FightAIDS@Home: A Layperson's Explanation
AIDS stands for "Acquired Immune Deficiency Syndrome." AIDS is caused by a virus called HIV — the Human Immunodeficiency Virus. When a human body is infected with HIV, it will work to fight the infection by making "antibodies," special molecules that are supposed to fight HIV.
Having HIV disease — or being HIV-positive — is not the same as having AIDS. Many people live with HIV, and do not get sick for many years. However, because the human body cannot generate antibodies that can eradicate HIV, as HIV disease continues, it slowly wears down the immune system, infecting key cells of the immune system and impairing their function or even destroying them. Eventually, HIV infection results in progressive depletion of the immune system, leading to "immune deficiency." The immune system is said to be "deficient" when it can no longer fulfill its role of fighting off infection and cancers. People with cellular immune deficiency are much more vulnerable to very rare infections such as tuberculosis, which can spread and mutate into drug resistant forms.
HIV remains a difficult target to stop because when it replicates, it does not do so perfectly and is thus continually changing. Scientists — like those at The Scripps Research Institute — have been studying HIV intensively to find ways to stop the onset of AIDS. The FightAIDS@Home Project is searching for drugs that can disable a key step in HIV's life cycle — specifically by blocking HIV-1 protease.
Blocking HIV Protease
Proteins are the basic building blocks in all of life's functions. (You can read more about them in the description of the Human Proteome Folding project.) Proteins are long chains of smaller molecules called amino acids. Enzymes are particular kinds of proteins that accelerate biochemical reactions. A protease ("pro-tee-ace") is an enzyme that is able to cut proteins apart at some point along the amino acid chain. For example, when you eat food containing protein, the protein molecules are cut apart into smaller amino acid molecules by proteases in your stomach.

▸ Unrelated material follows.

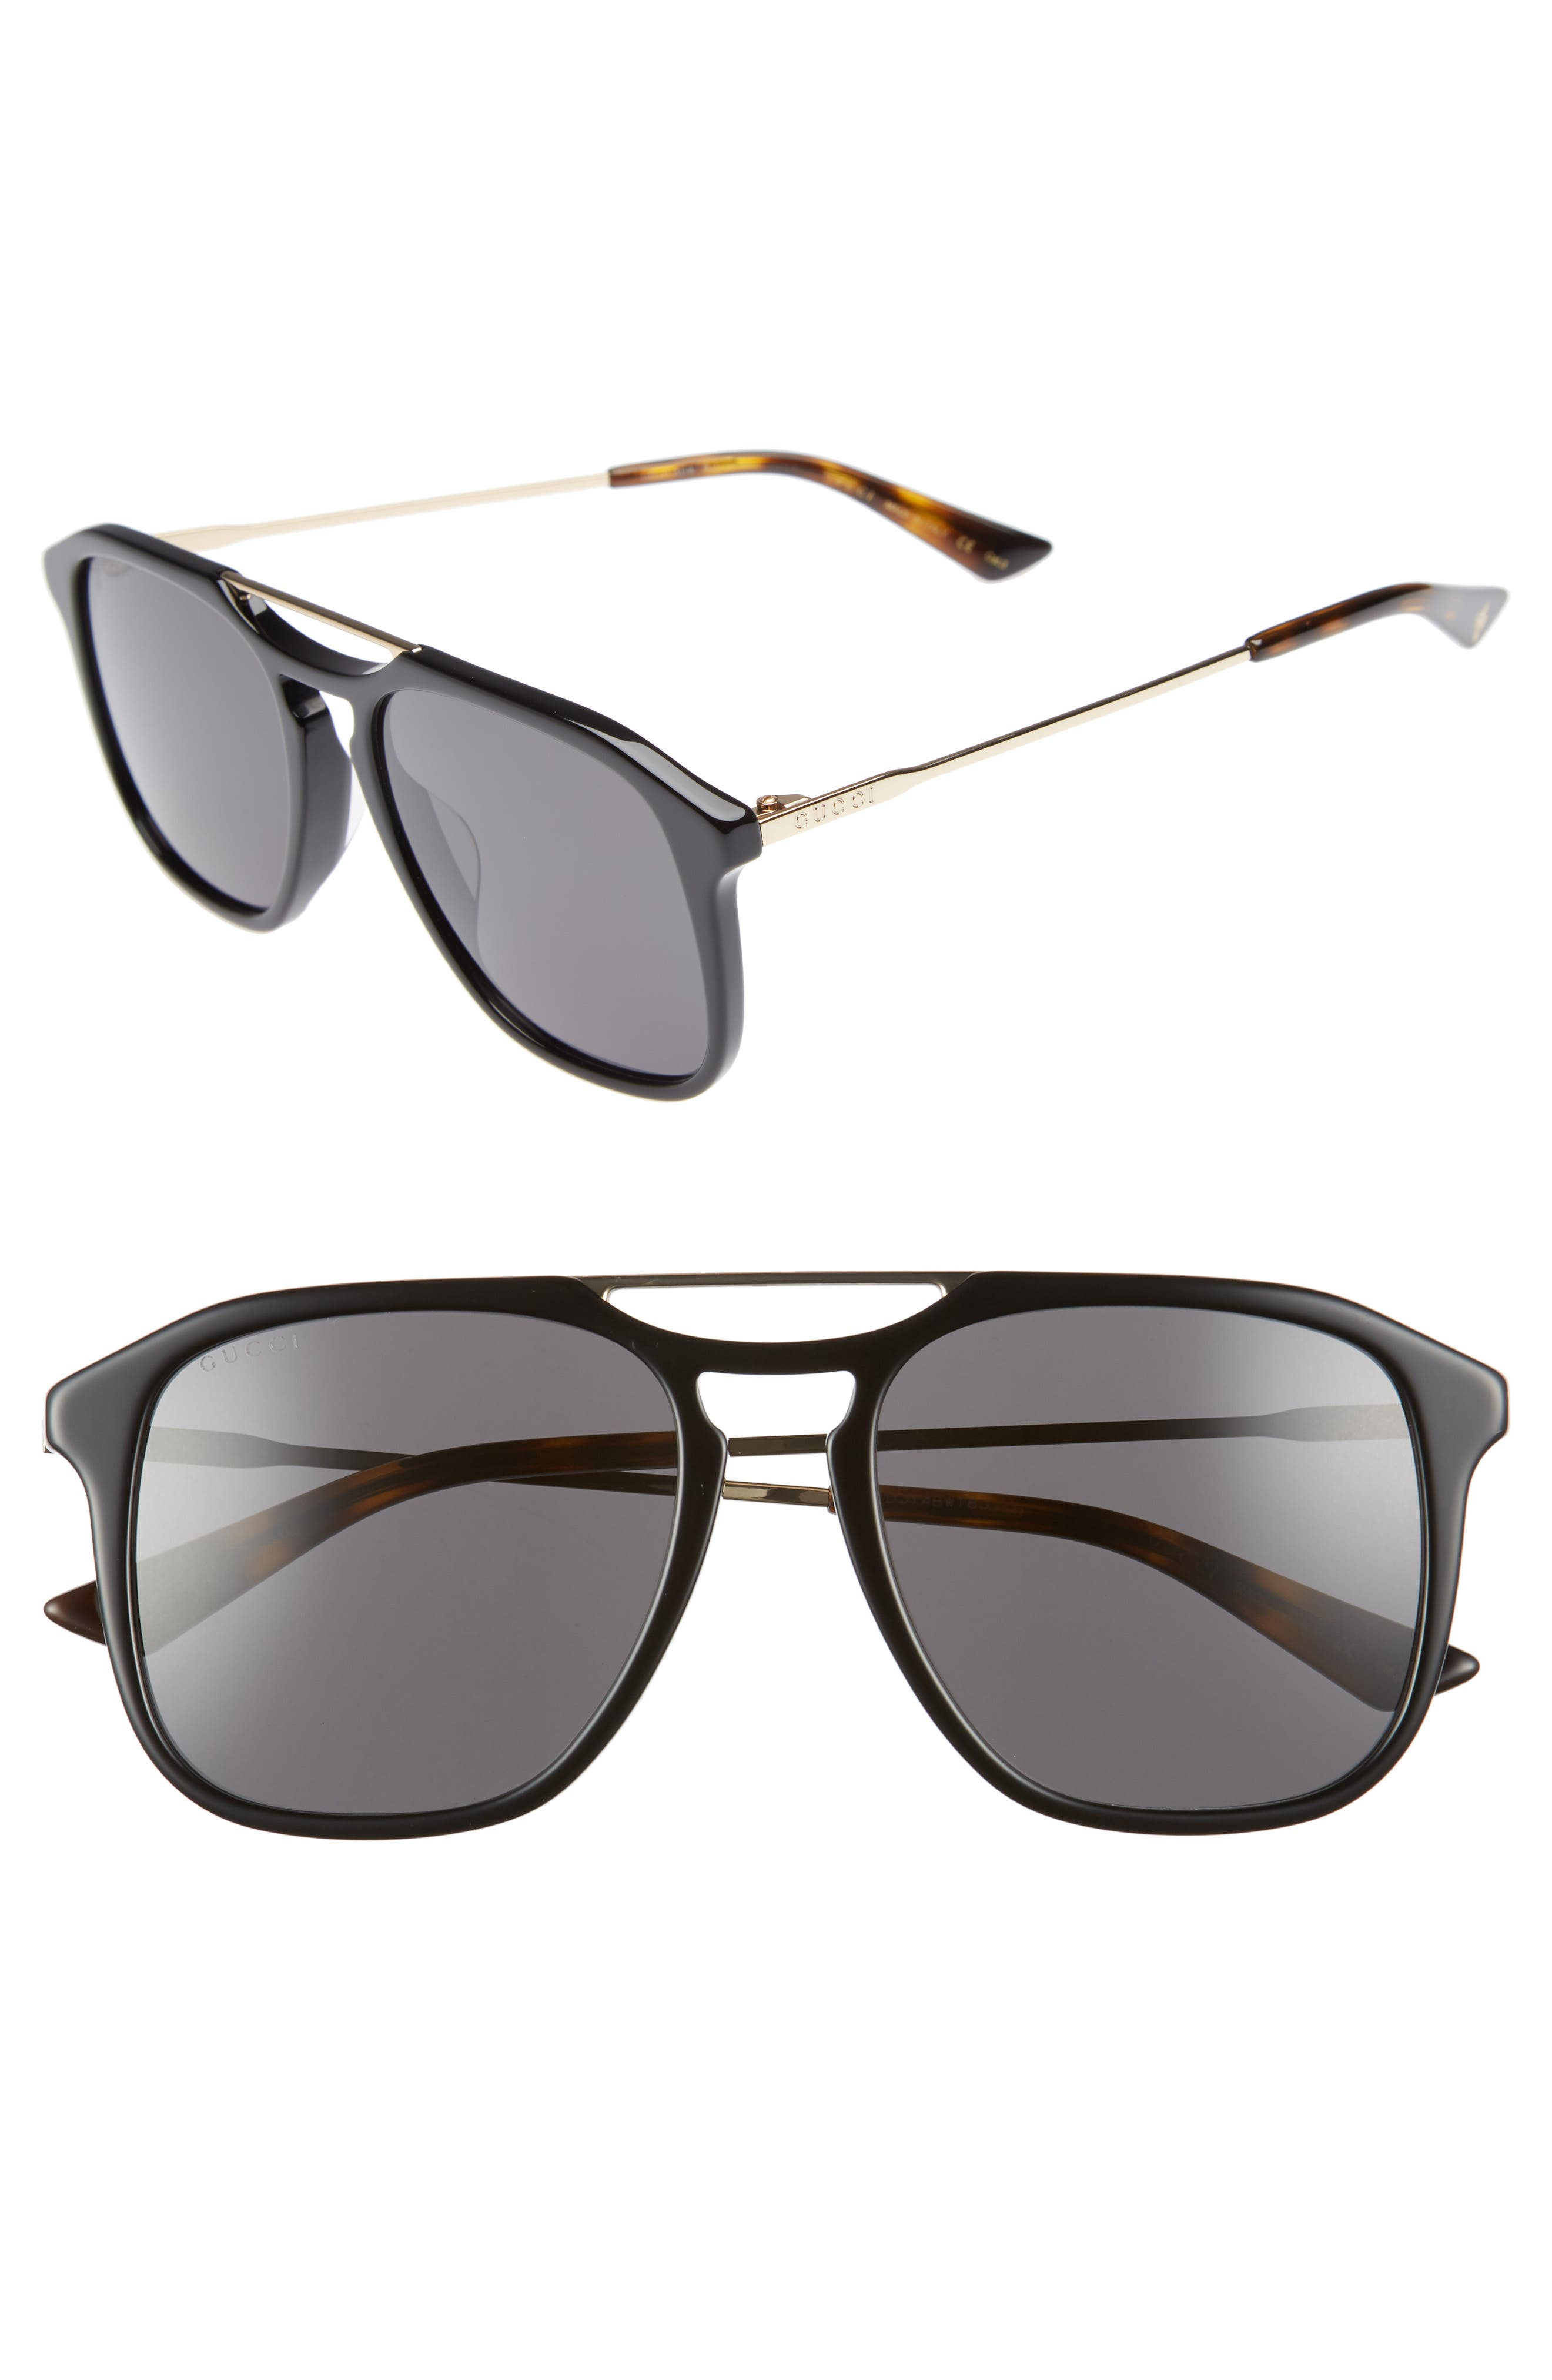 6932ecfed Gucci Light Combi 55Mm Aviator Sunglasses - Gold/ Dark Havana

Your body can then use the amino acids to build the proteins it needs. While only a small percent of all of the proteins in an organism are proteases, they are very important in the proper functioning of its life processes.
But not all proteases are good. HIV makes and uses a particular protease, HIV-1 protease, which it uses to make the virus's different proteins.
This is where ligands play an important role. Ligands are small molecules that come from outside the cell that attach, or "bind," to pockets in proteins. These pockets are sometimes called receptors. You can think of a ligand binding to its receptor like a key fitting into a lock. The FightAIDS@Home Project is searching for ligands (drugs), which can attach to the HIV-1 protease receptor in a way that blocks its ability to function as an enzyme. This prevents the virus from spreading further in the body and developing into AIDS. Molecules that block HIV protease are called "protease inhibitors."
Your device will help by simulating the attachment process (docking) of many ligands to the HIV-1 protease, using one of two computer programs called AutoDock and Vina. The most promising ligands will be studied in more detail by scientists and should lead to better protease inhibitor drugs for controlling HIV and ultimately preventing the onset of AIDS.